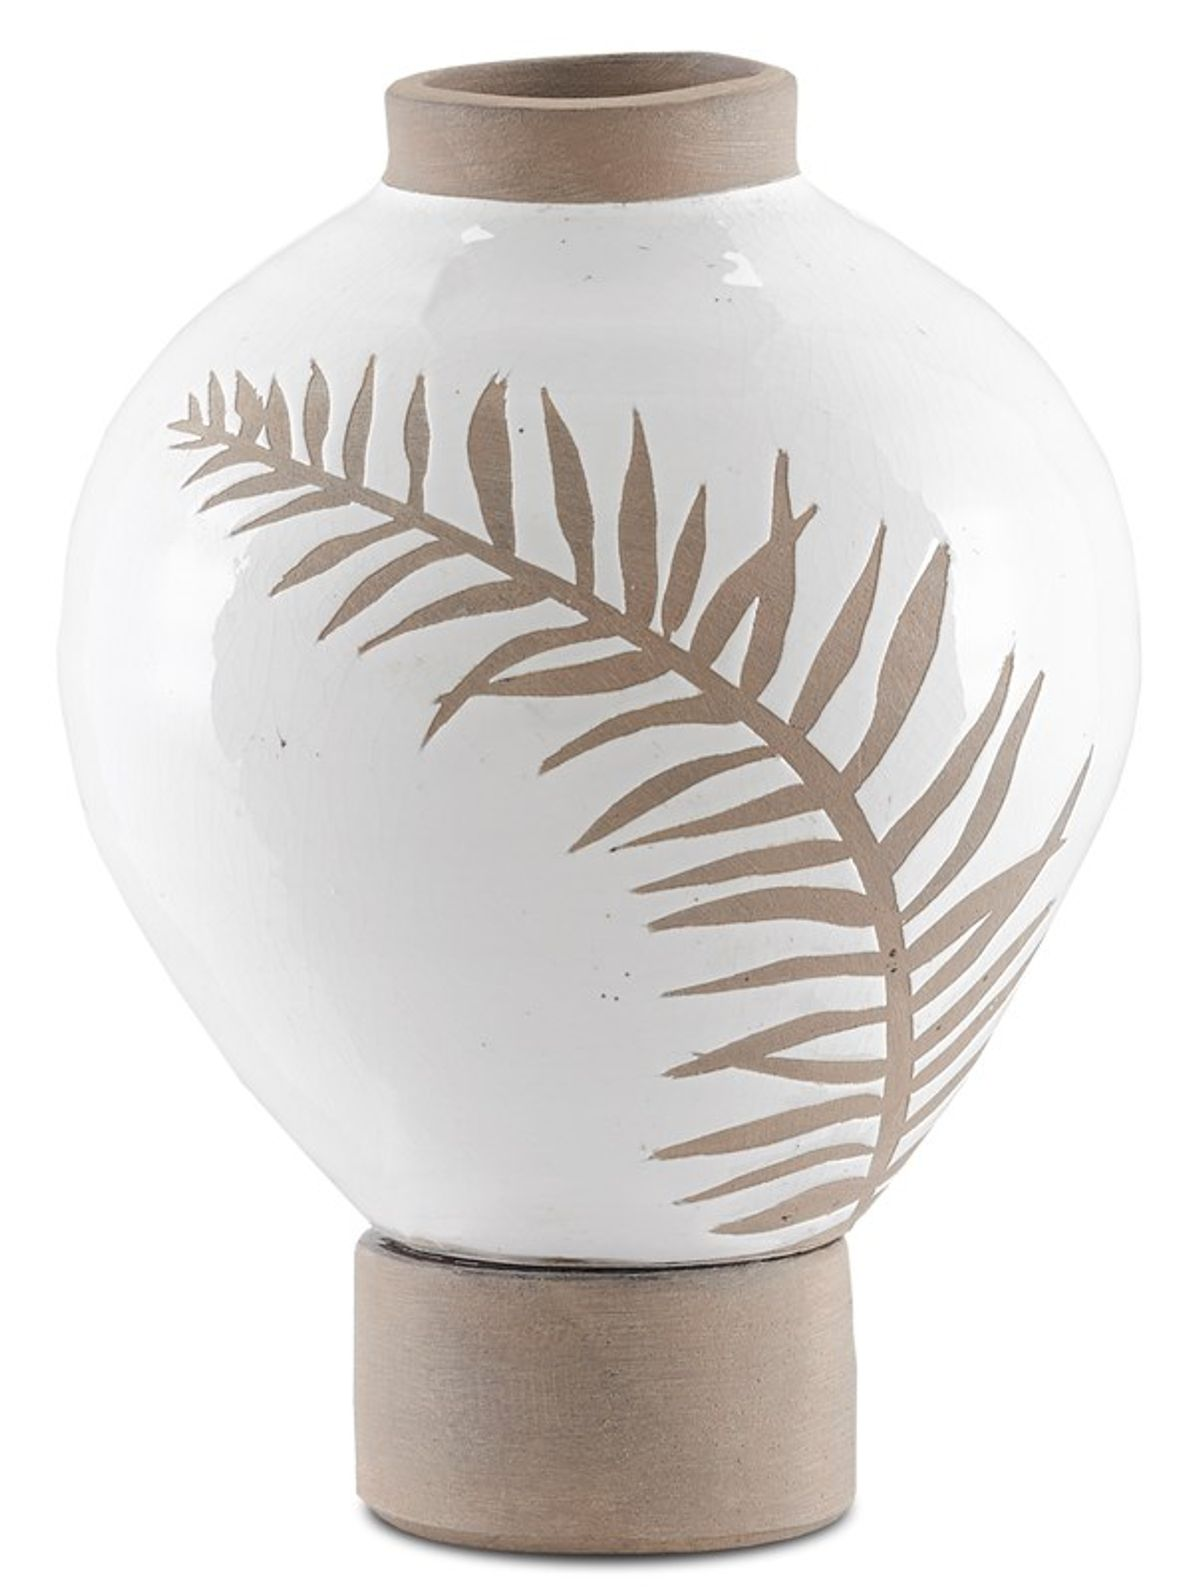 Vases & Jars 32715
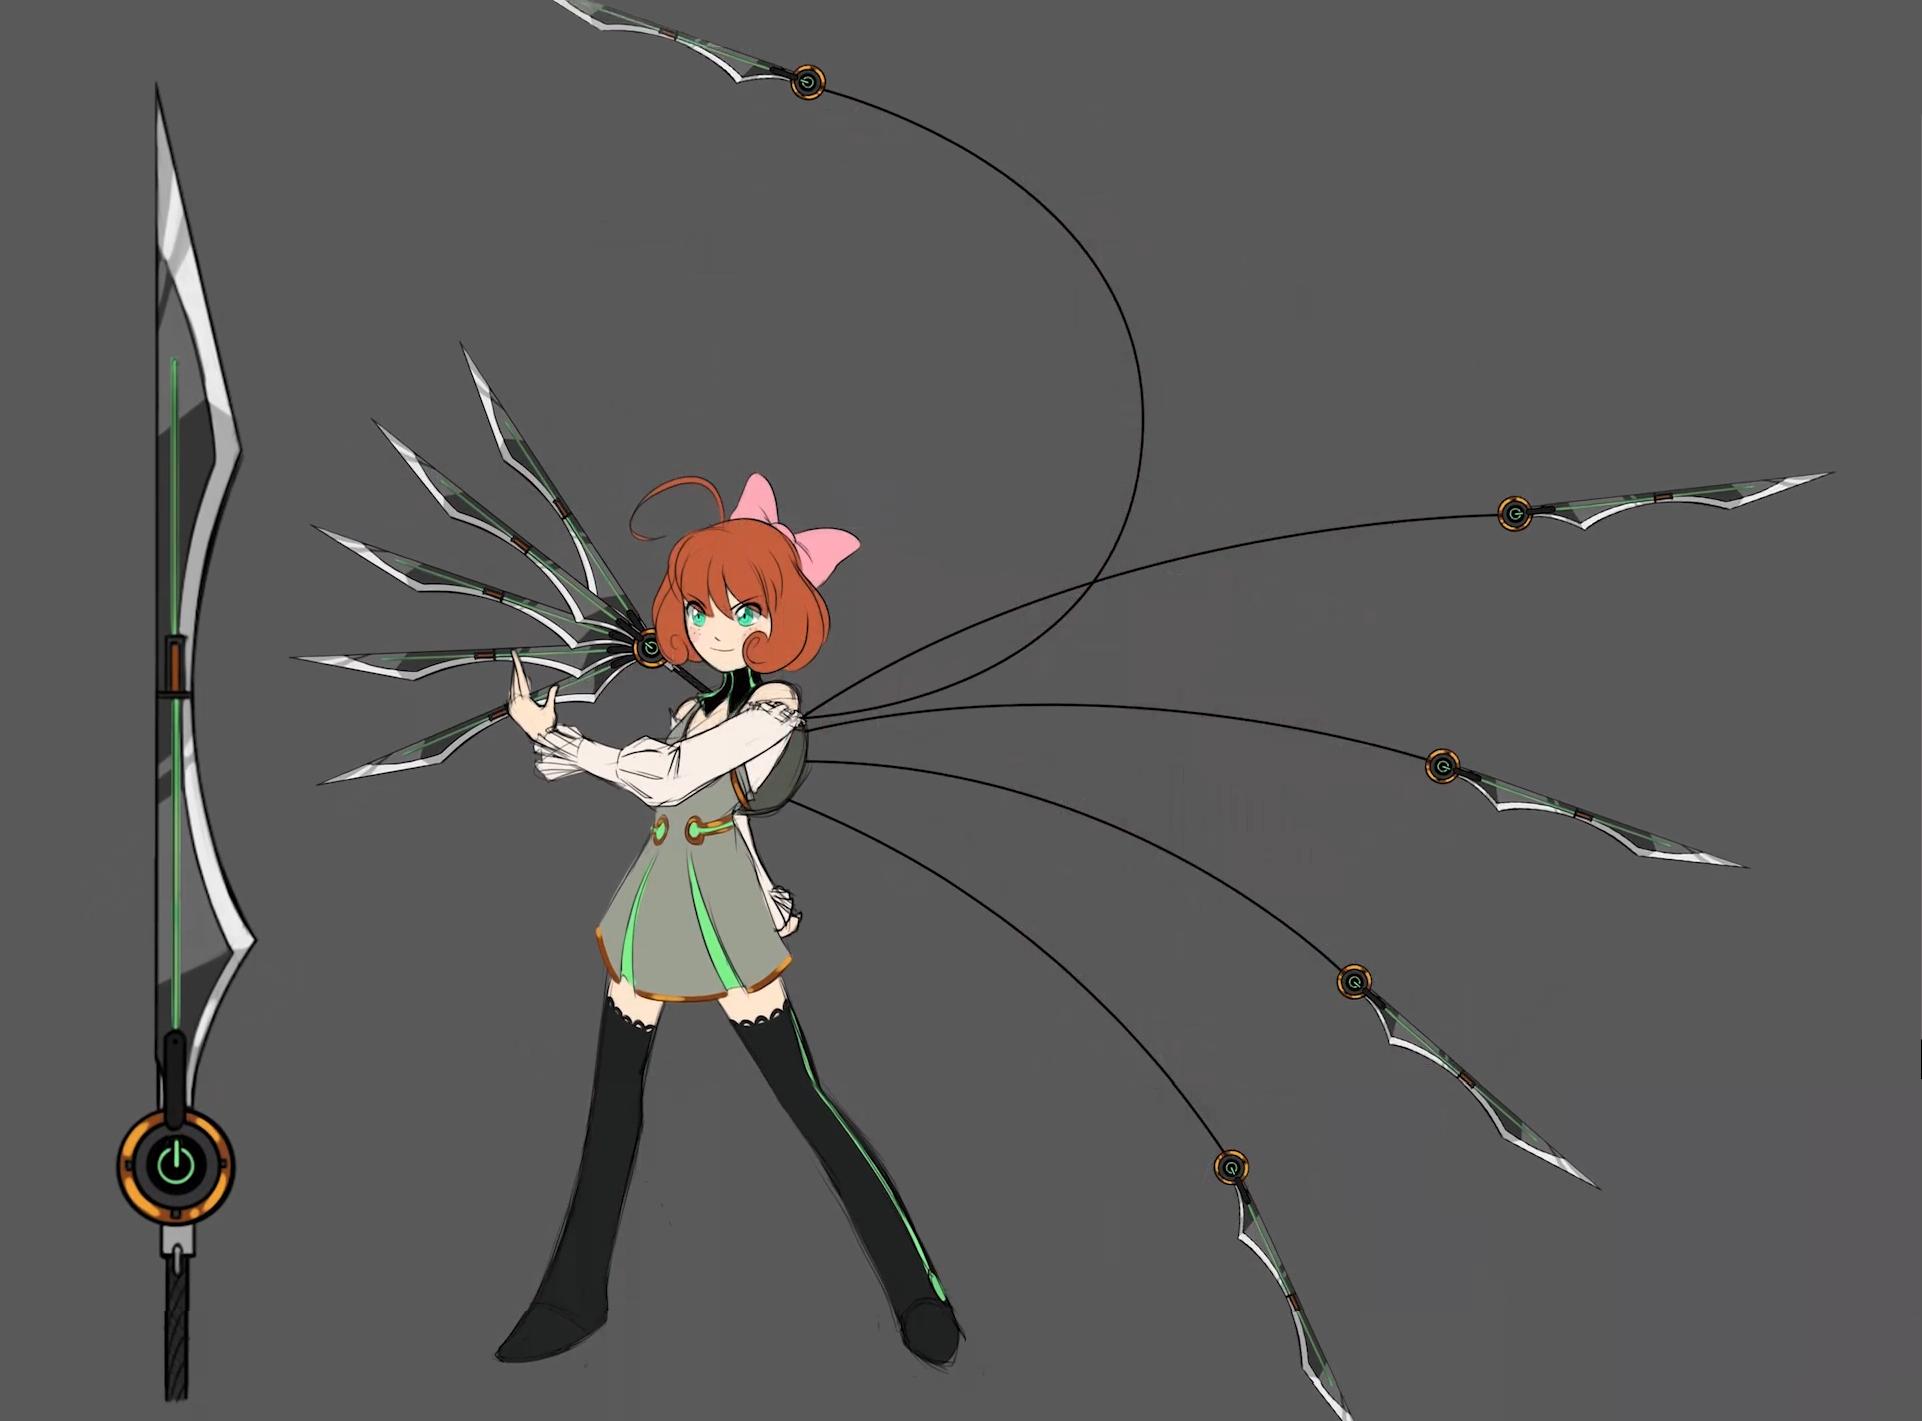 Rwby Nora Weapon
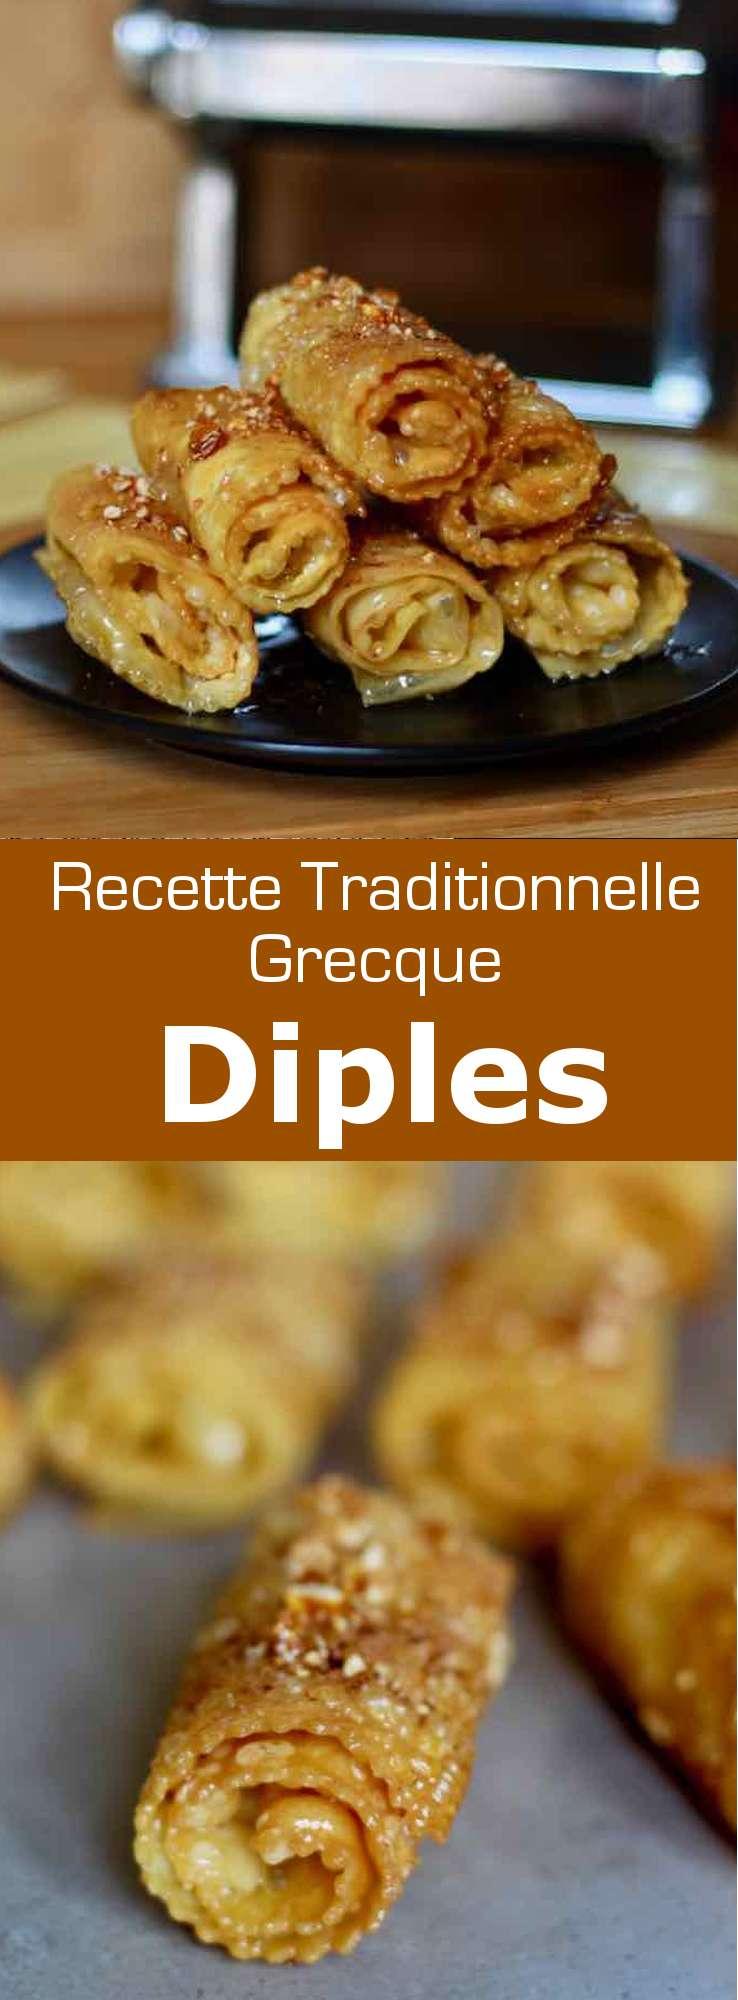 Lesdiples(ou thiples) sont une pâtisserie typique de lacuisine grecque du Péloponnèse, composés de pâte aux oeufs friteet plongée dans un sirop de sucre et de miel, saupoudrés de noix concassées et decannelle. #Grece #RecetteGrecque #CuisineGrecque #CuisineMediterraneenne #CuisineDuMonde #196flavors

▶ PROBLEM REQUIREMENTS
When you reproduce the material, keep every word exact and leave each picture out.

▶ ANSWER TO THE PROBLEM
 Vases & Jars 32715
 Rwby Nora Weapon
 Lesdiples(ou thiples) sont une pâtisserie typique de lacuisine grecque du Péloponnèse, composés de pâte aux oeufs friteet plongée dans un sirop de sucre et de miel, saupoudrés de noix concassées et decannelle. #Grece #RecetteGrecque #CuisineGrecque #CuisineMediterraneenne #CuisineDuMonde #196flavors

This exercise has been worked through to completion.